__Activity__
The data below is to be written out exactly, with no pictures.

++++ Recorded data ++++

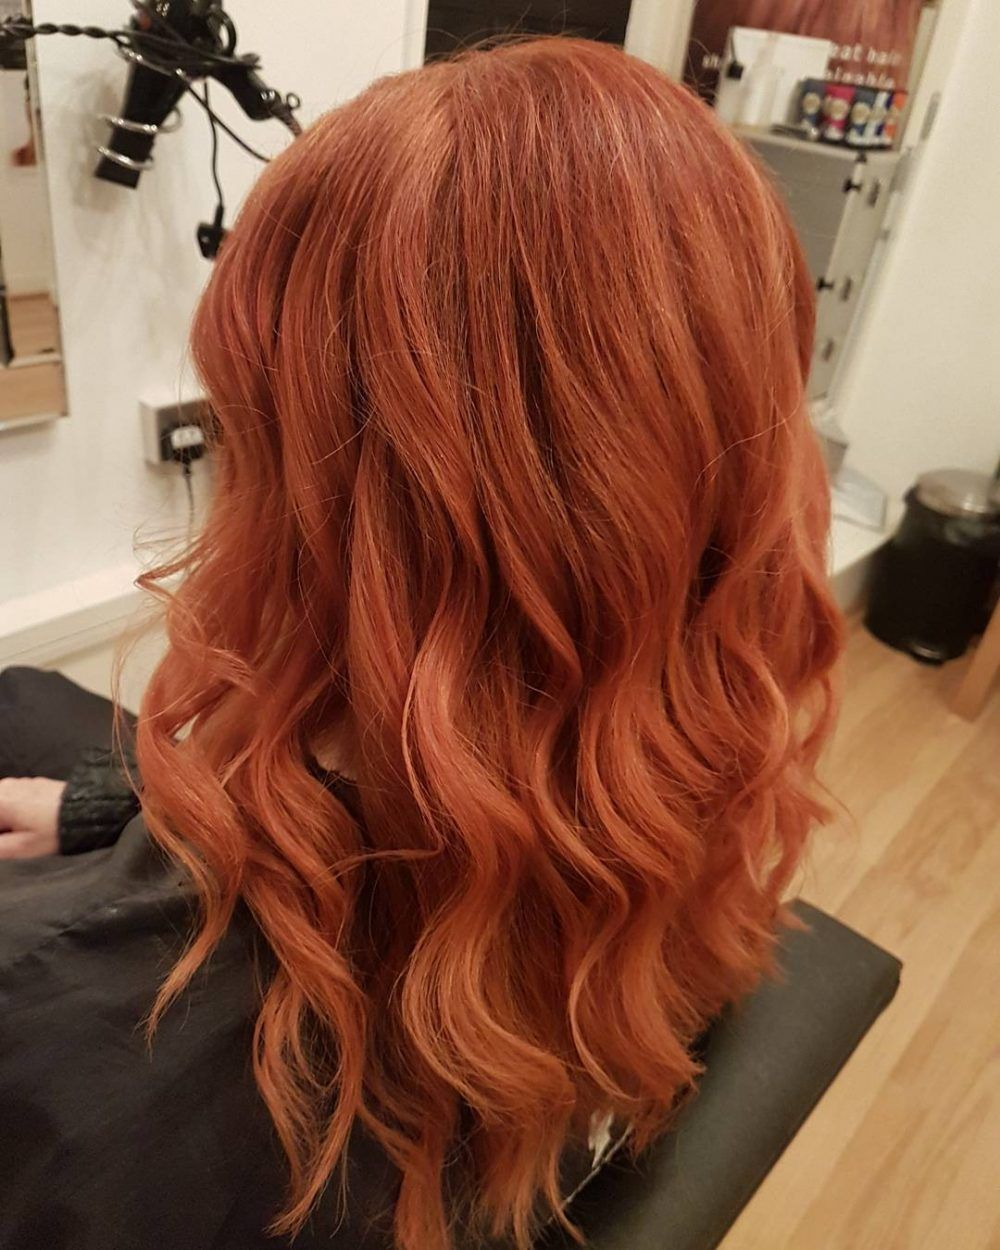 Pin On Medium Wavy Hairstyles
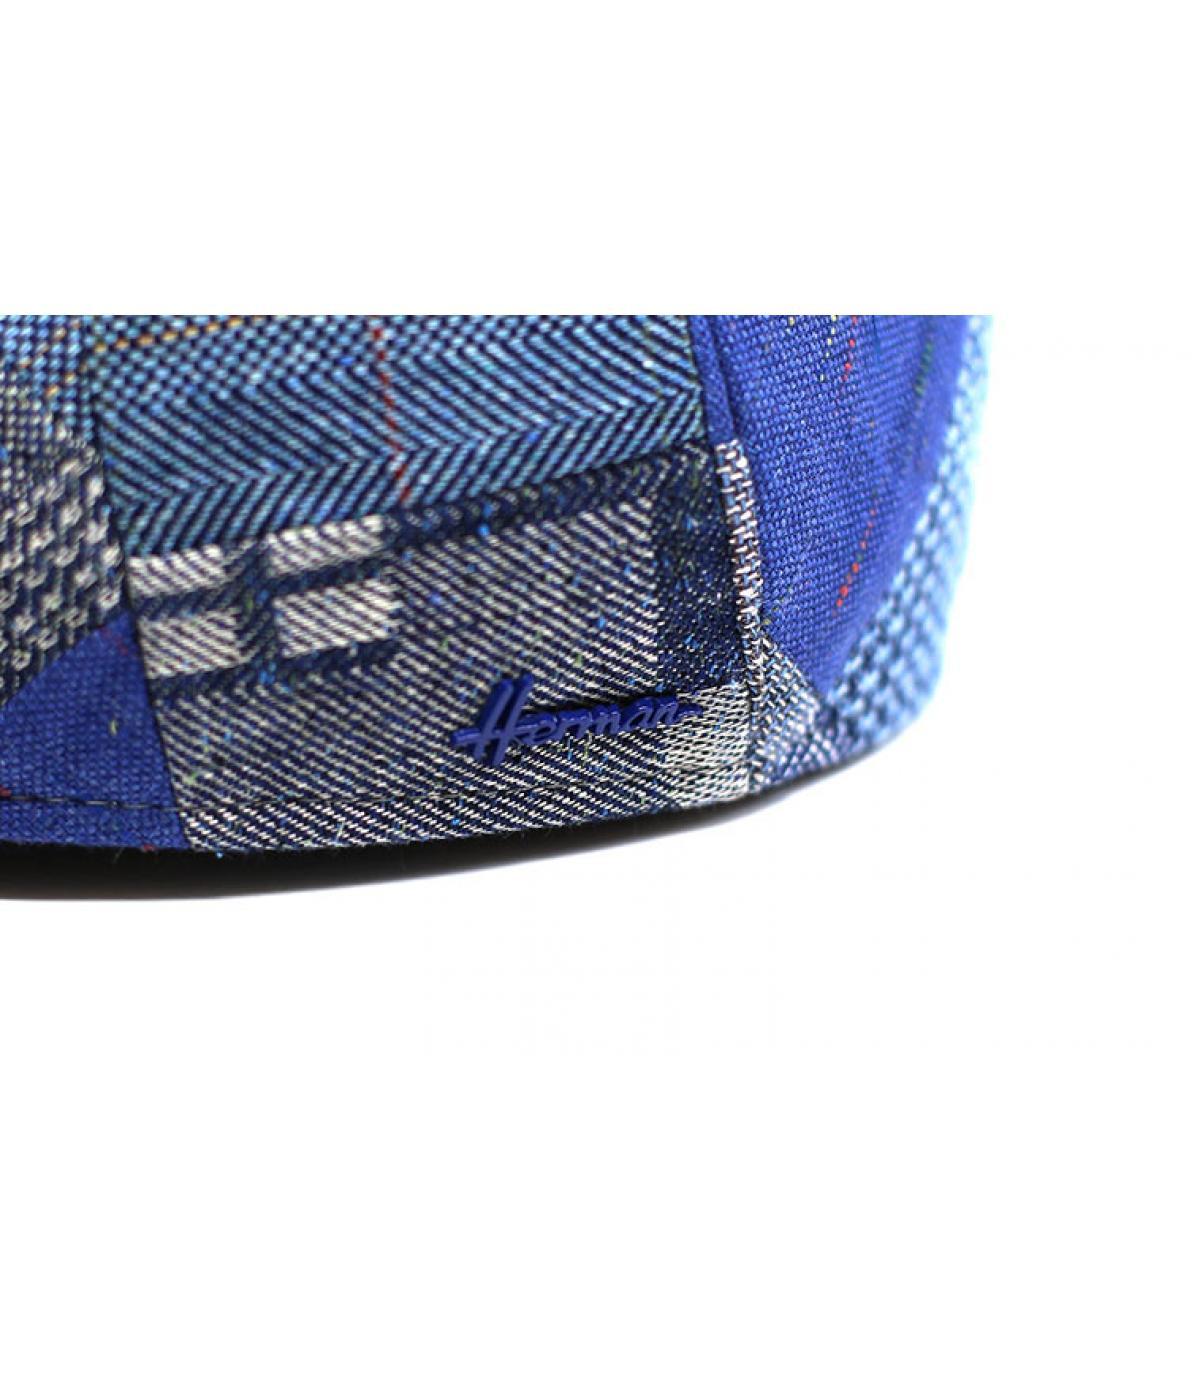 Details Boxer Patch blue - Abbildung 3
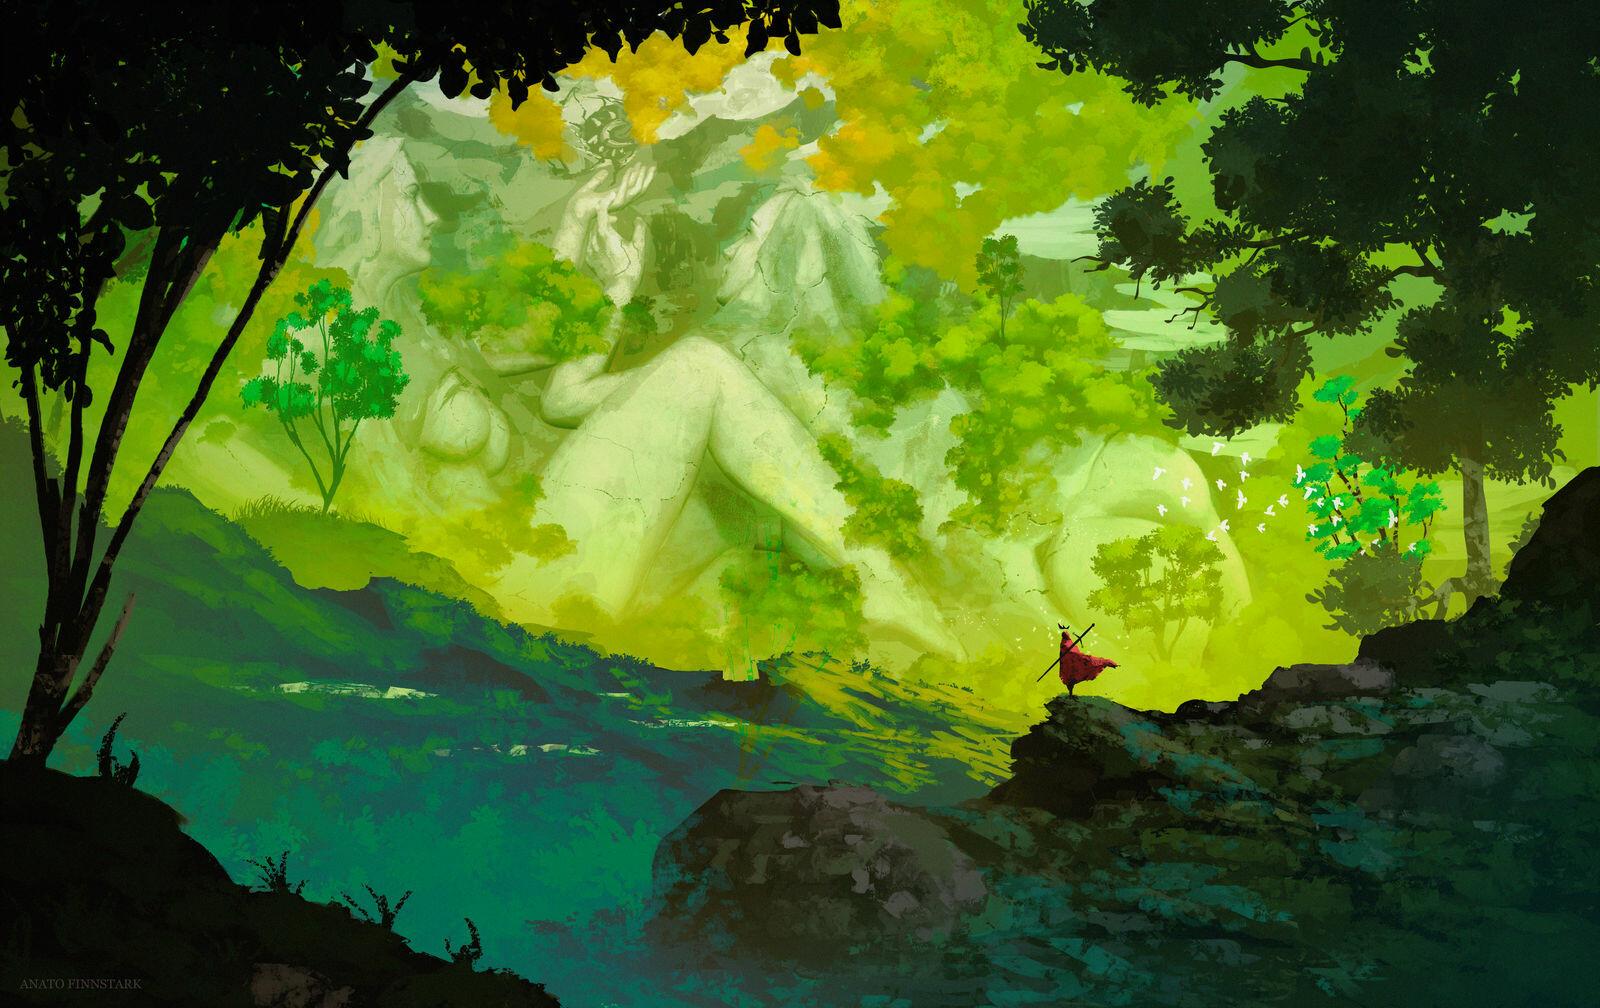 Anato finnstark the king s journey the divide by anatofinnstark dd56mil fullview

++++

__Result of this task__
 Pin On Medium Wavy Hairstyles
 Details Boxer Patch blue - Abbildung 3
 Anato finnstark the king s journey the divide by anatofinnstark dd56mil fullview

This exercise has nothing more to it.